Aim of the task –
An exact transcription of all the data is required, with every image removed.

Data extract –
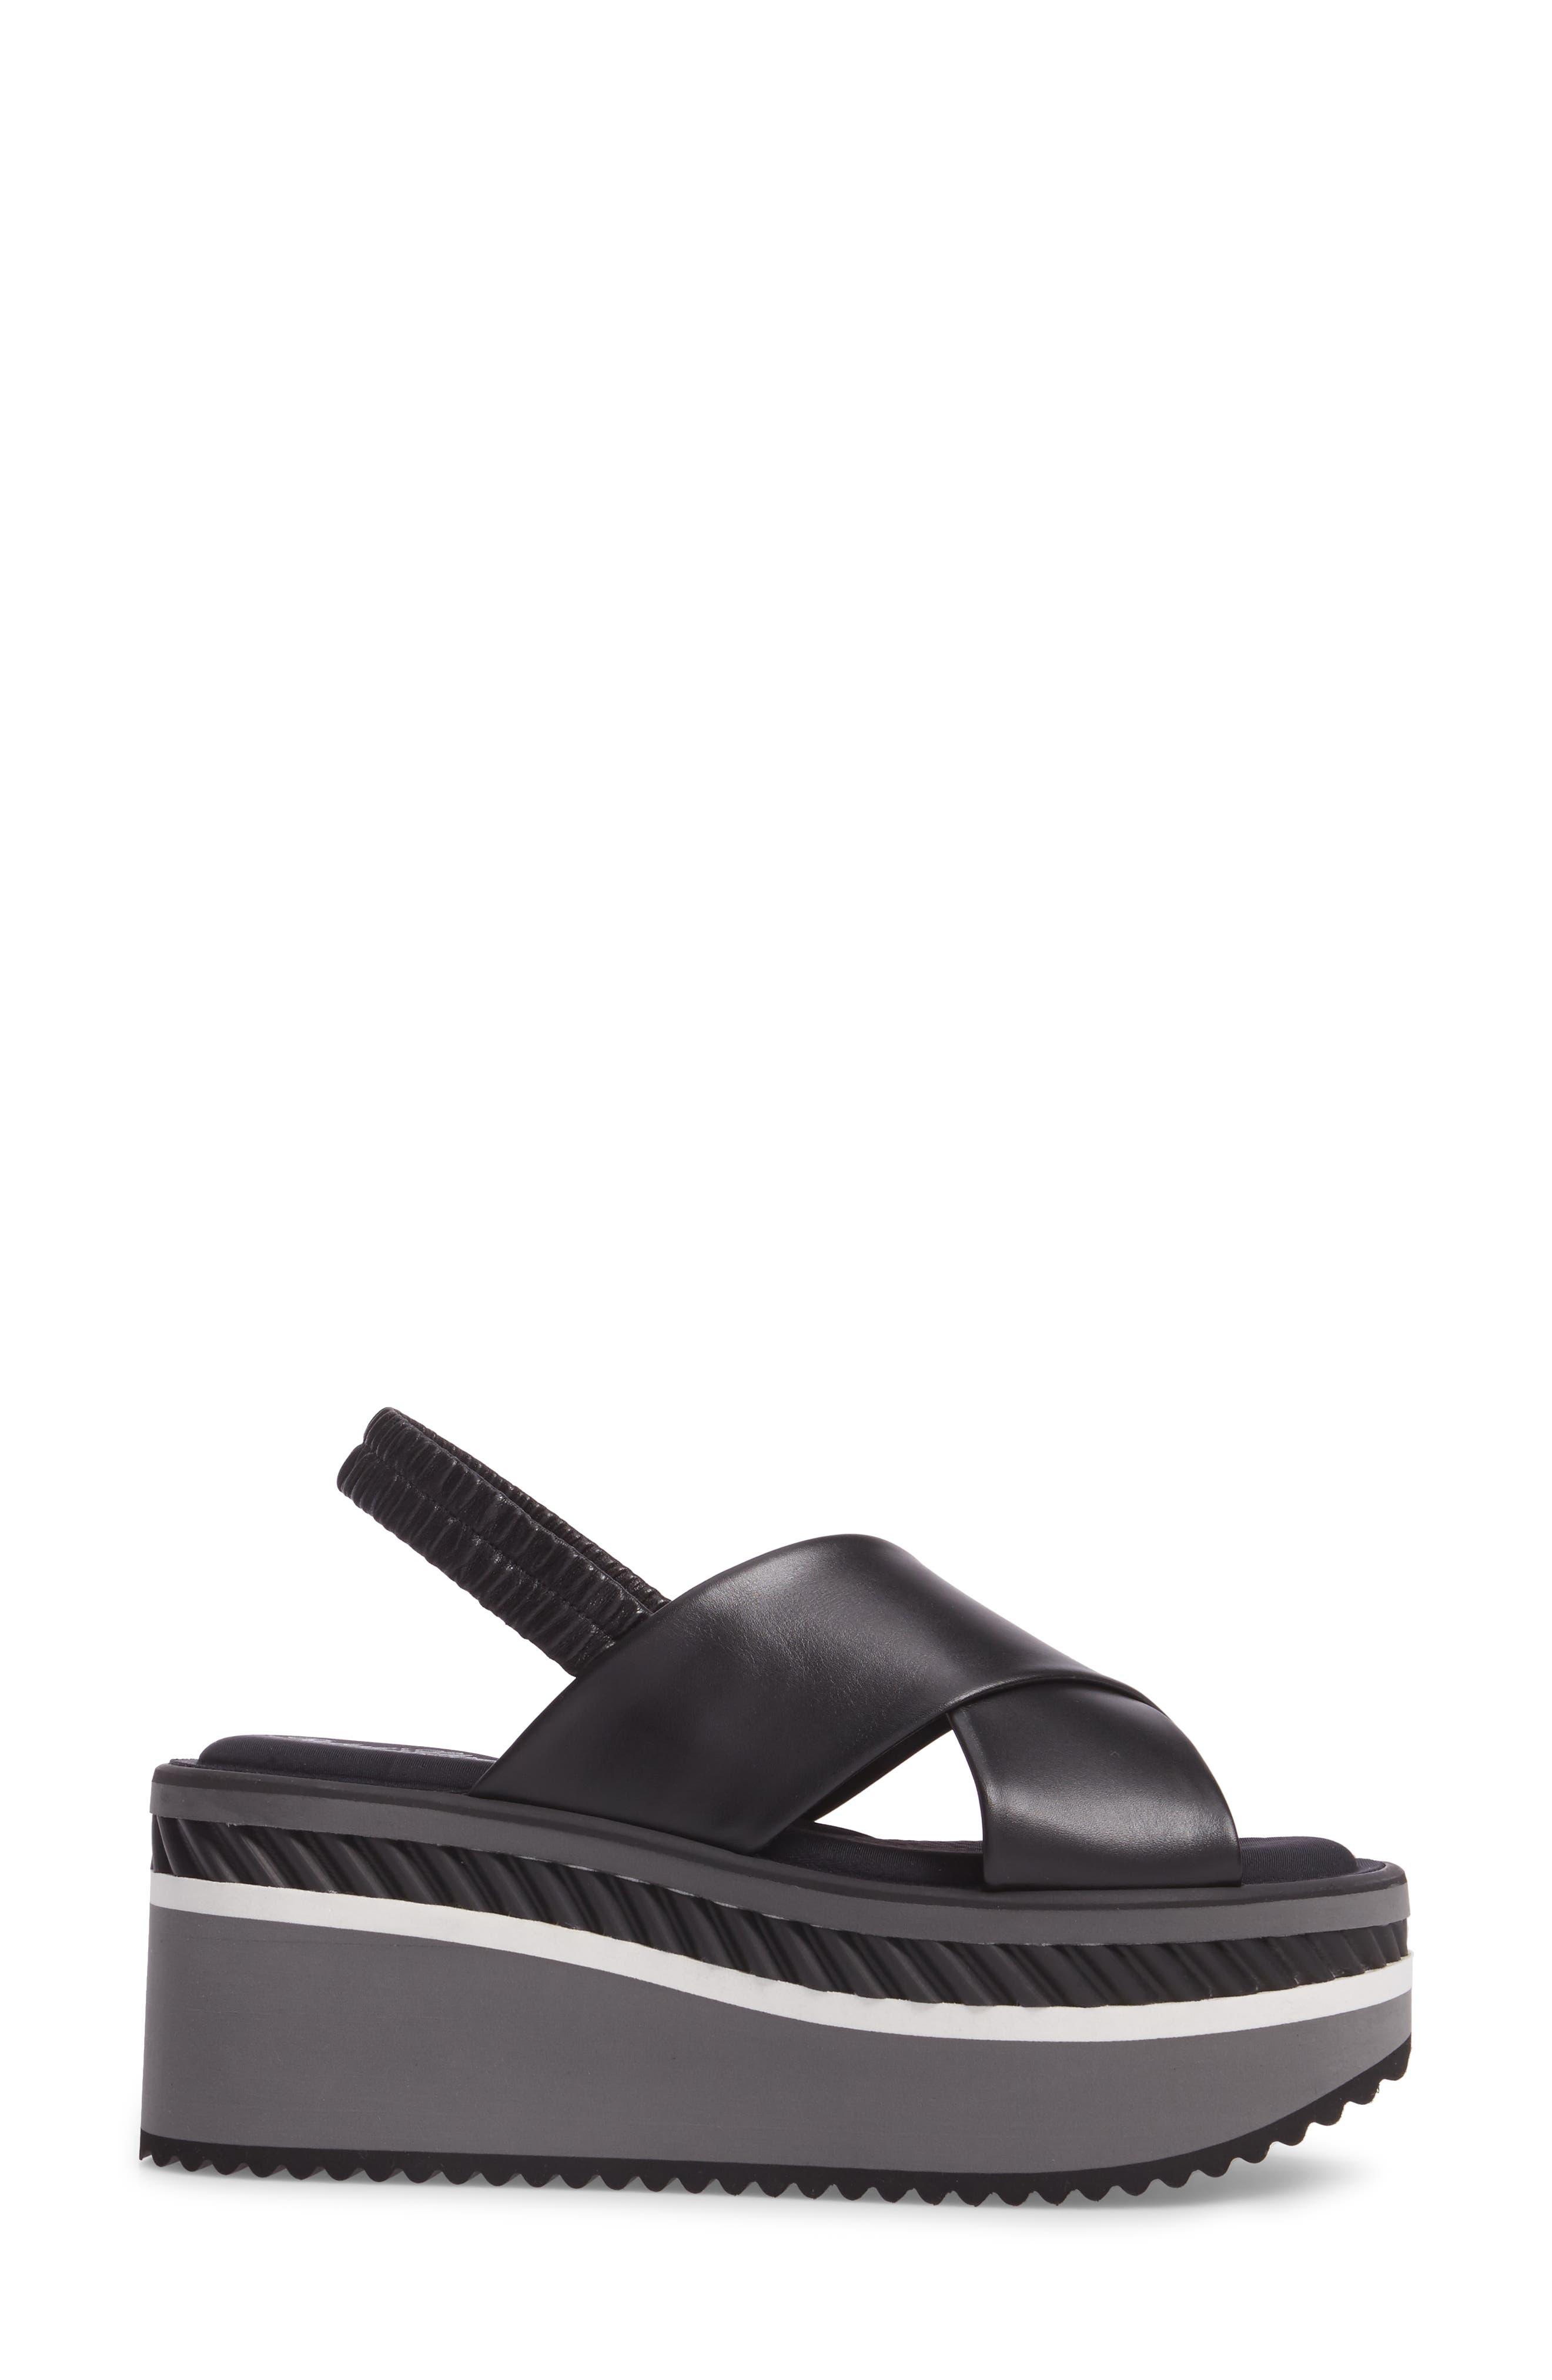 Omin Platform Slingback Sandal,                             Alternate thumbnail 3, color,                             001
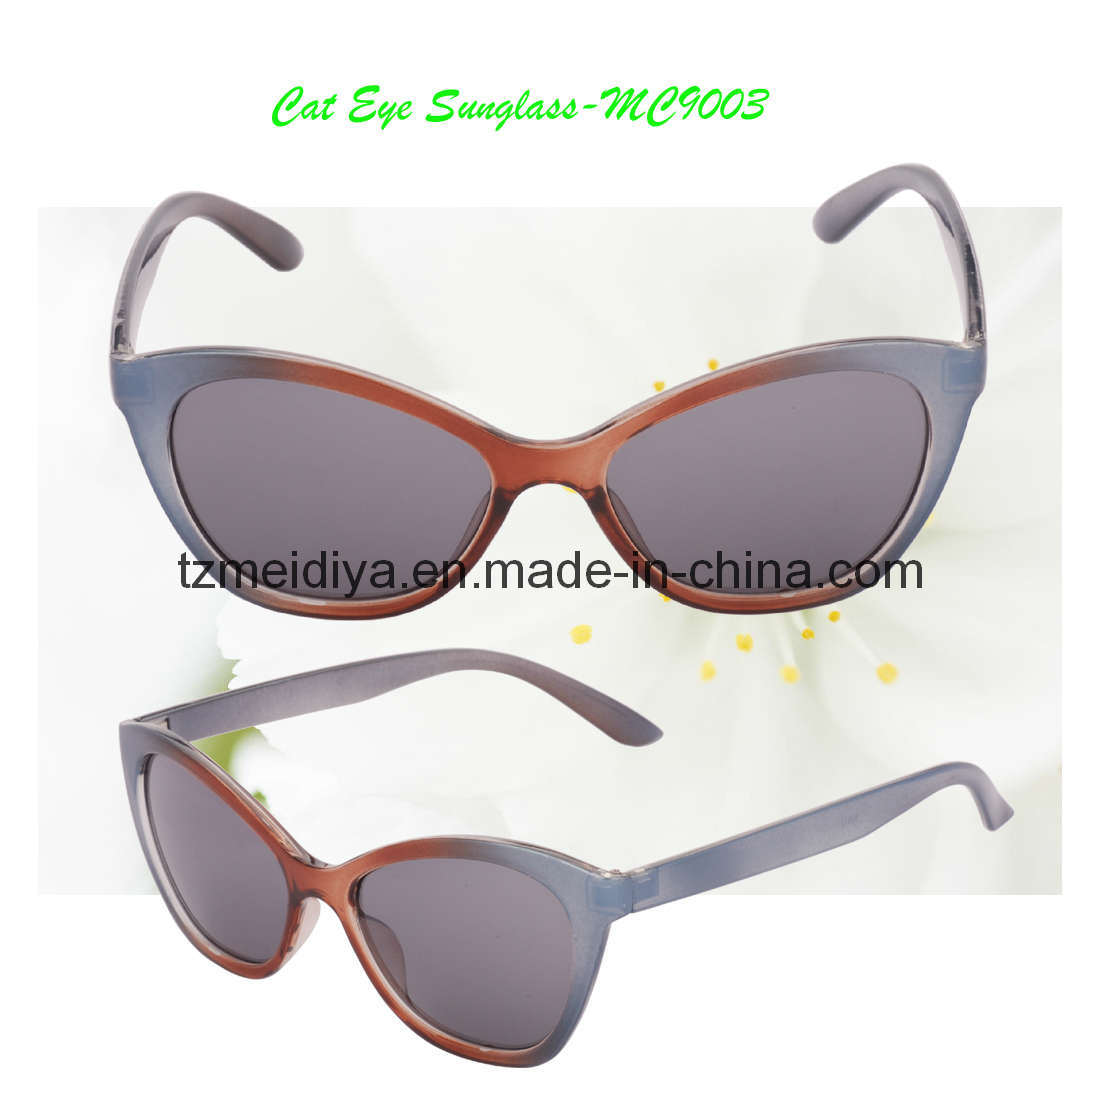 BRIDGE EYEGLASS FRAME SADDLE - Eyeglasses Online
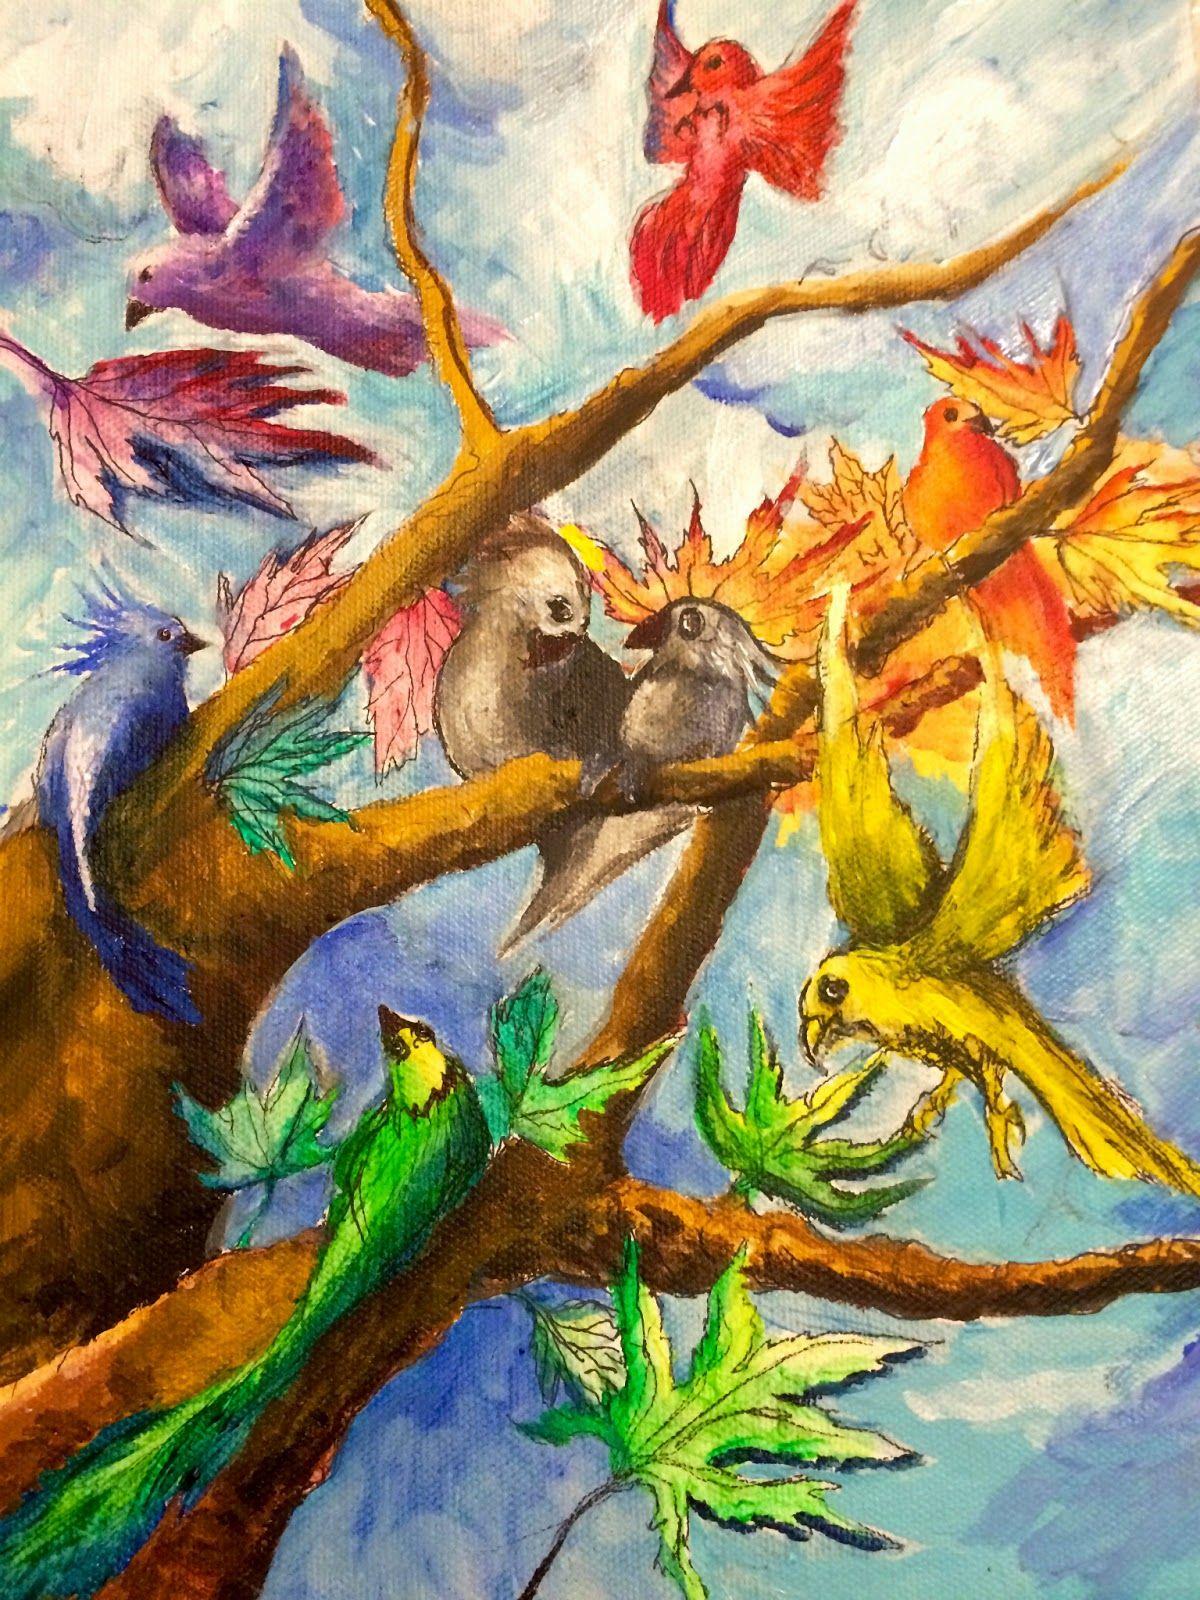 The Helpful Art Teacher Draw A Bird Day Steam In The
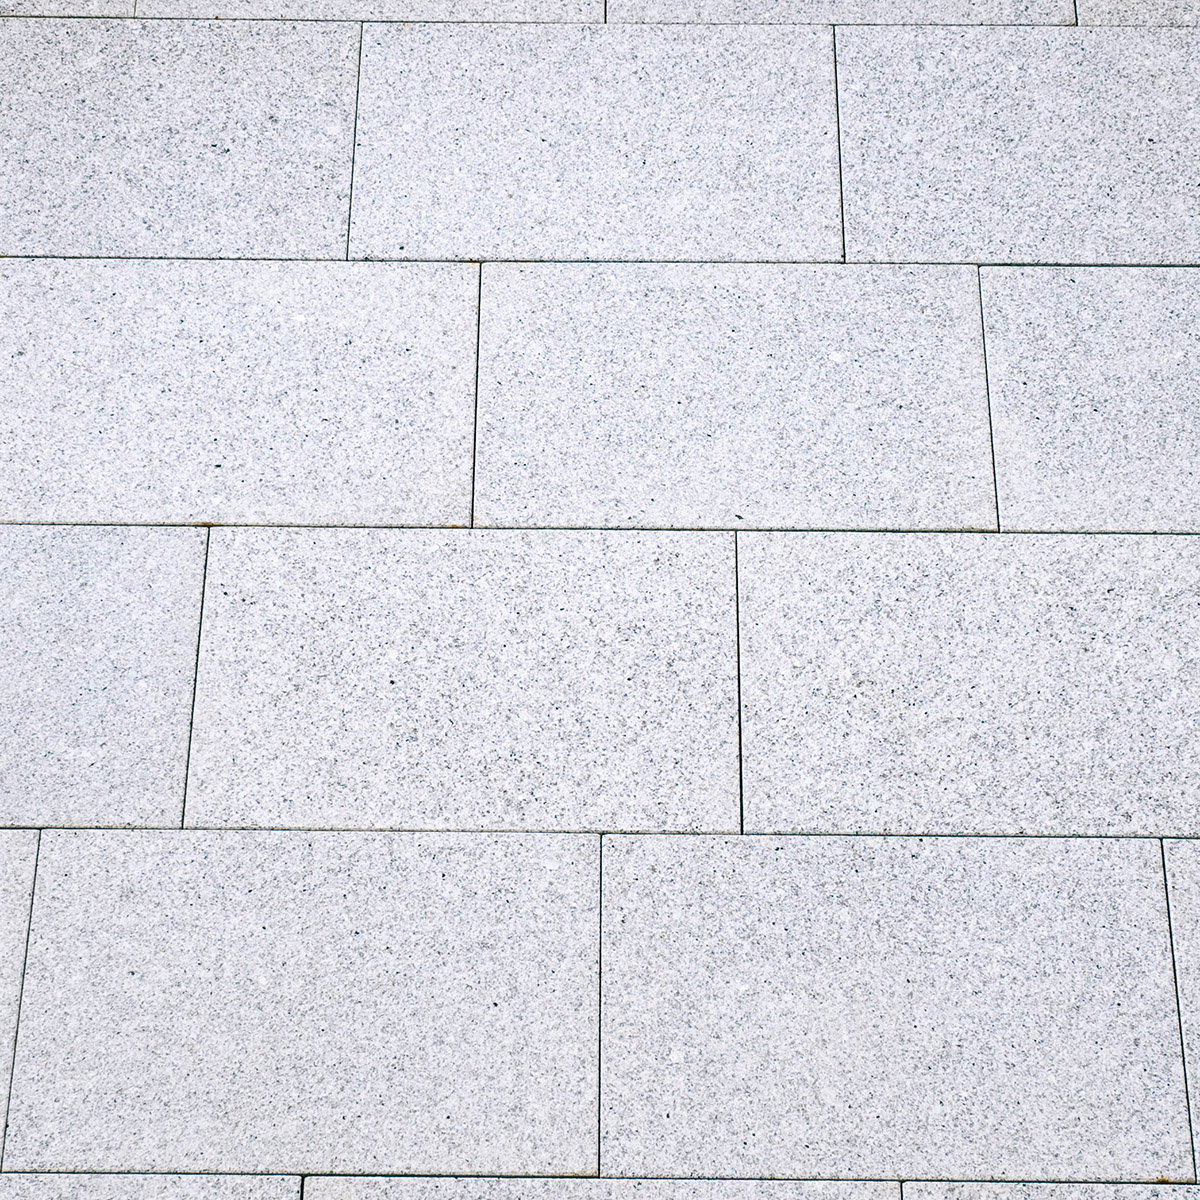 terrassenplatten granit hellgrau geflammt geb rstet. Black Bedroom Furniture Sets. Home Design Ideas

Exercise response –
 Omin Platform Slingback Sandal,                             Alternate thumbnail 3, color,                             001
 BRIDGE EYEGLASS FRAME SADDLE - Eyeglasses Online
 The Helpful Art Teacher Draw A Bird Day Steam In The
 terrassenplatten granit hellgrau geflammt geb rstet. Black Bedroom Furniture Sets. Home Design Ideas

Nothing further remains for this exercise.